Specifically, the File Separator, Group Separator, Record Separator, and Unit
Separator control codes are easily within our grasp. This means we can have a
fairly extensive amount of data split up.
CMake treats all strings separated by a ;
as a list. This means having lists
of lists is difficult. But with the magic of the above separators, we simply
have to perform a string(REPLACE)
call. The downside is we have to do it
at least once
per level of depth, but that is simple enough. Effectively,
encoding looks like so
string(ASCII 31 unit-separator) string(REPLACE ";" "${unit-separator}" data "${data}") list(APPEND output "${data}")
Of course the reverse is to simply switch the location of the ;
and ${unit-separator}
when extracting from output.
The actual dict(SAVE)
function in IXM looks like the following
function (ixm_dict_save name) parse(${ARGN} @ARGS=1 INTO) if (NOT INTO) error("dict(SAVE) missing 'INTO' parameter") endif() ixm_dict_noop(${name}) dict(KEYS ${name} keys) string(ASCII 29 group) string(ASCII 30 record) string(ASCII 31 unit) foreach (key IN LISTS keys) dict(GET ${name} ${key} value) if (value) string(REPLACE ";" "${unit}" value "${value}") list(APPEND output "${key}${record}${value}") endif() endforeach() list(JOIN output "${group}" output) ixm_dict_filepath(INTO "${INTO}") string(ASCII 1 SOH) string(ASCII 2 STX) string(ASCII 3 ETX) string(ASCII 25 EM) string(ASCII 30 RS) string(ASCII 31 US) file(WRITE ${INTO} "${SOH}IXM${STX}${RS}version${US}1${ETX}${output}${EM}") endfunction()
Yes, we are writing various STX
and EM
values to the file as well (even
thought technically
that’s not what they’re meant for), however thats to
future proof this file for its versioning, as the actual layout of the file may
change in the future, especially since IXM is currently
not even at a stable
alpha version.
This ‘streaming’ format from the tape drive daysworks well for CMake, as we lack fine grained byte access into strings.
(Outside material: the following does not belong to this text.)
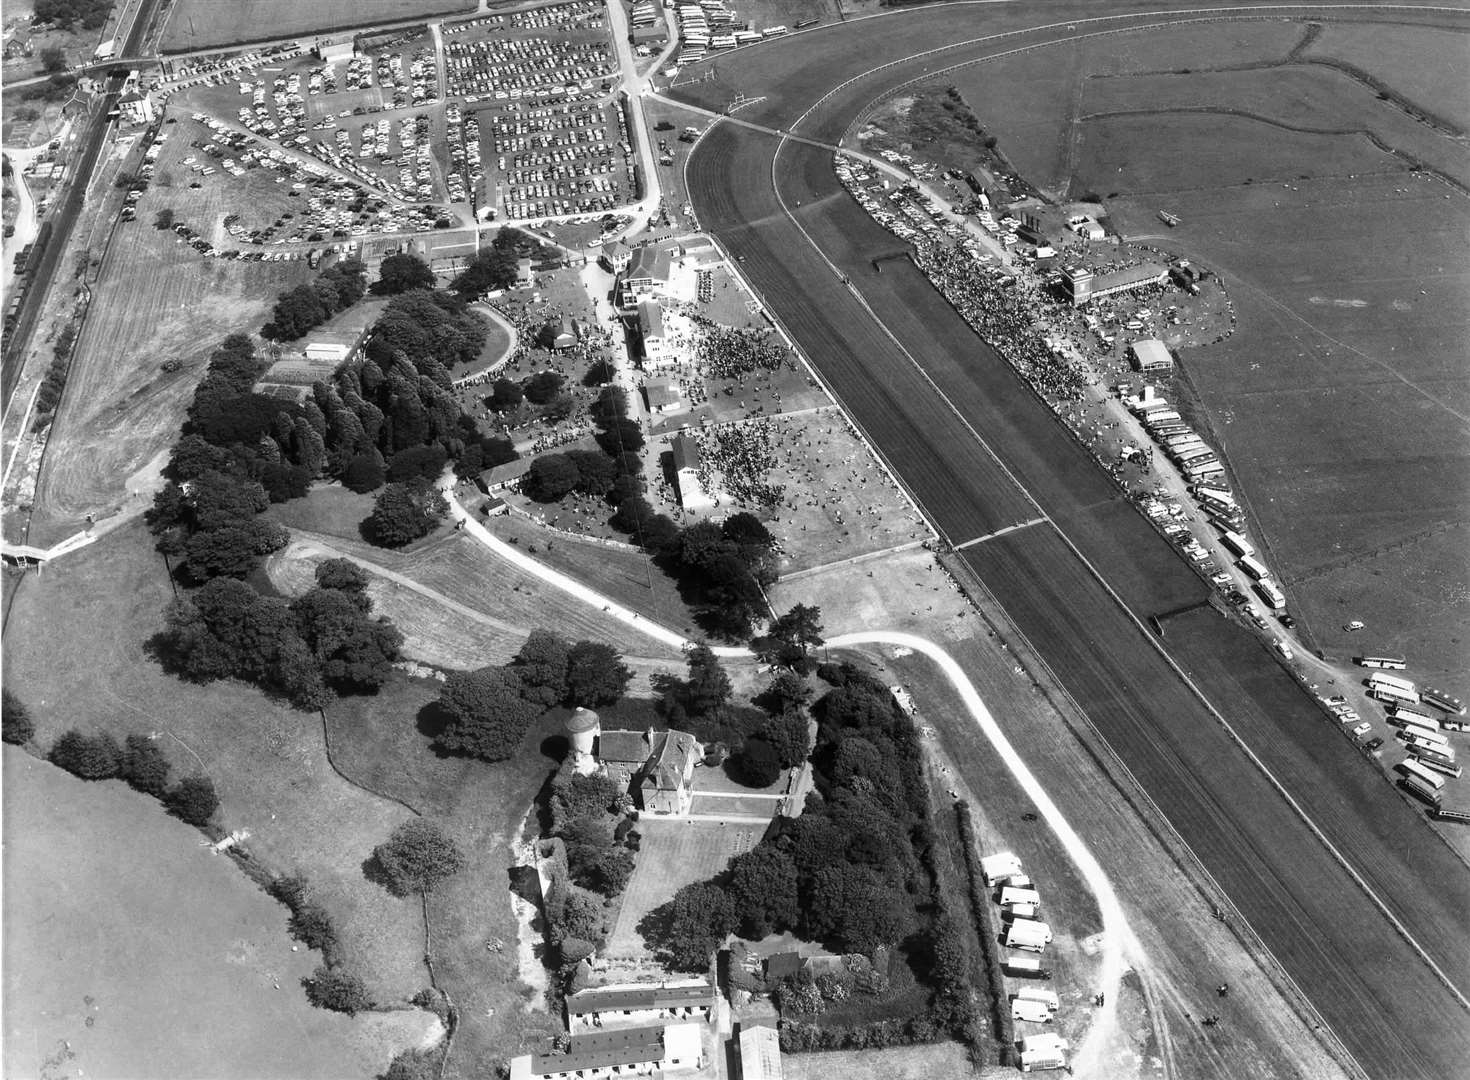 Folkestone Racecourse back in 1968. It hosted its last meeting in 2012, and the 203-acre site off the A20 is now at the centre of the huge Otterpool Park 'garden town' plan

We cannot simply jump around willy nilly. We either must rely on content being stored in a CMake safe format, regexes, or reading one byte at a time in the CMake language (No thank you! :no_good:). By treating CMake content as a “stream” of data, we can stitch the entire serialized format back into a state within CMake, as well as write it back out with little to no issue.
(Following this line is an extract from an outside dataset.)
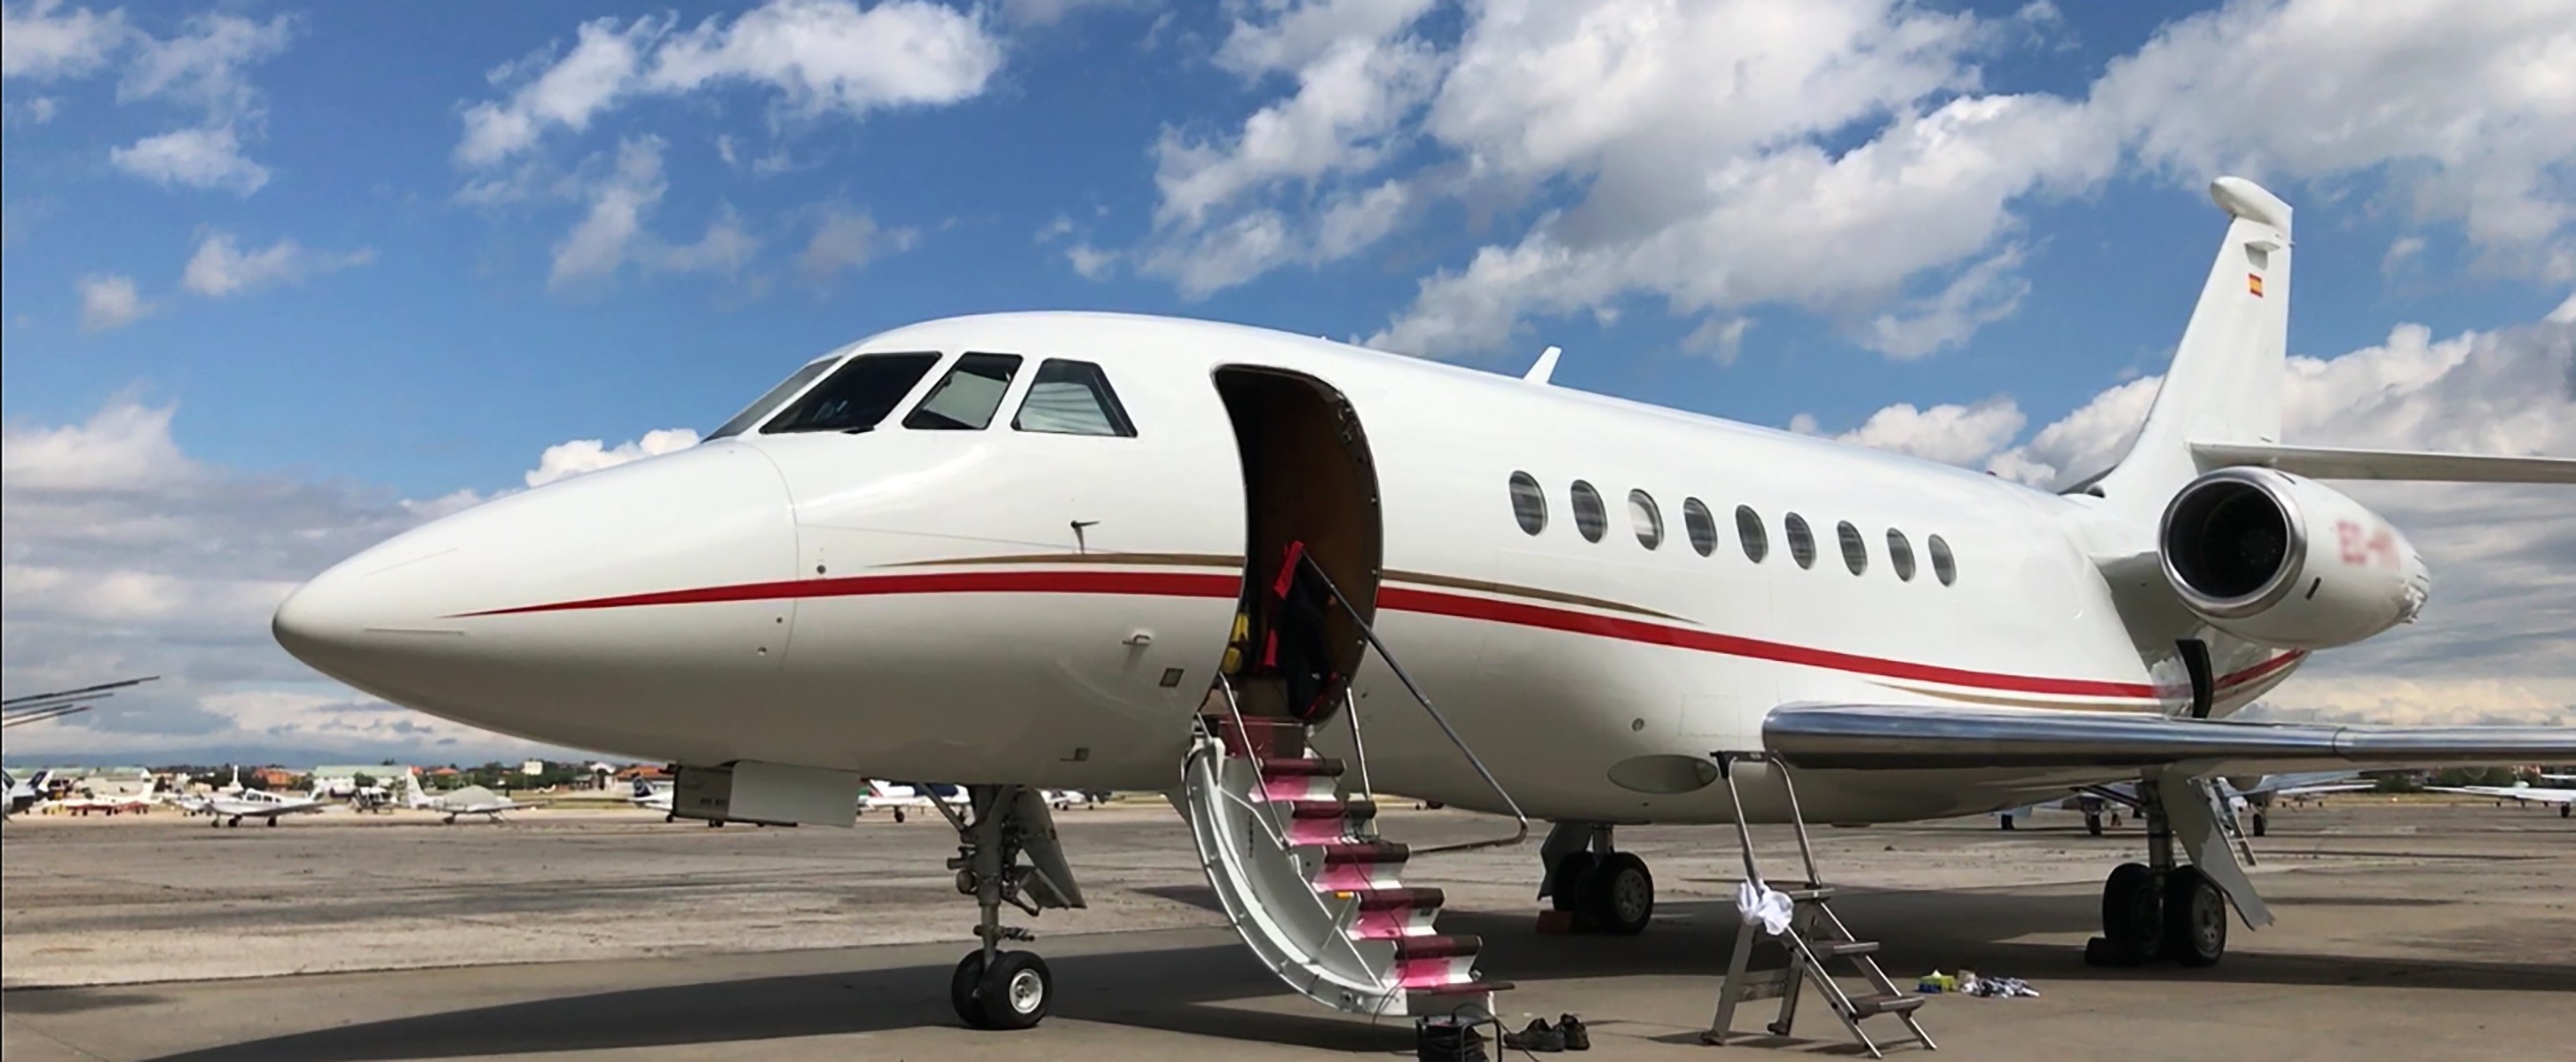 A private plane on the tarmac with the steps lowered

Currently the IXM ‘database’ format looks something to the effect of the following:
␁IXM␂␞version␟1␞additional␟key␟value␟pairs␃␜<filename>␝<dict-name>␞key␟value ␟list␞another␟key␟pair␞OPTIONS␟BUILD_TESTING␟OFF[␜<filename>␝<dict-name>...]␙
The above text formatting might be a bit hard to follow, but let’s walk through it anyhow. First, we use the start-of-header control code. This is so multiple database files can be concatenated together without issue, or possibly even embedded into another text file altogether. This is then followed by the start-of-text control code. This is used to terminate the start-of-header control code. We then treat the record separator and unit separator as a single depth way of setting key-value pairs in the database header. Currently, we just set the date, but in the future additional metadata could possibly be stored.
Next, we store a “file”. This representation is technically superfluous. As of
right now, we only ever have the one file, unless other files were written to
and are being concatenated. Regardless, it’s nice to have it be forward
compatible. Each group
is separated by the name of the target, followed by
its key-value pairs. These are separated by record
and unit
respectively. A unit
separator might not appear if the values for a key are a single value.
Keys that have no value are never written to disk. dict()
instances with no
keys are never written to disk either.
So, why do this in the first place? Well, it gives us a bit more flexibility.
Instead of polluting the CMake cache for storing previous runs (and then having
to sometimes delete the cache just to fix some broken state), we can instead
store previous runs for expensive operations. Want to work around the try_compile
way of things and increase check()
throughput? While not
yet implemented, this approach of serializing data in the way people are used
to allows us to side step some of CMake’s anachronisms.
Events and The Nightmares Held Within
Remember above how I said we can’t call commands that don’t meet the calling convention? Sorry, but I lied again! There is only one way this works, and that’s by way of events. Yes, CMake has events . No, they are not documented, and the order of operations is fickle and can change because some user “did a thing” you weren’t expecting. With the exception of one operation. The hidden and not so well known post-configure step.
CMake has a very interesting command, typically meant for debugging. It is
called variable_watch
and it takes the name of a variable and a command.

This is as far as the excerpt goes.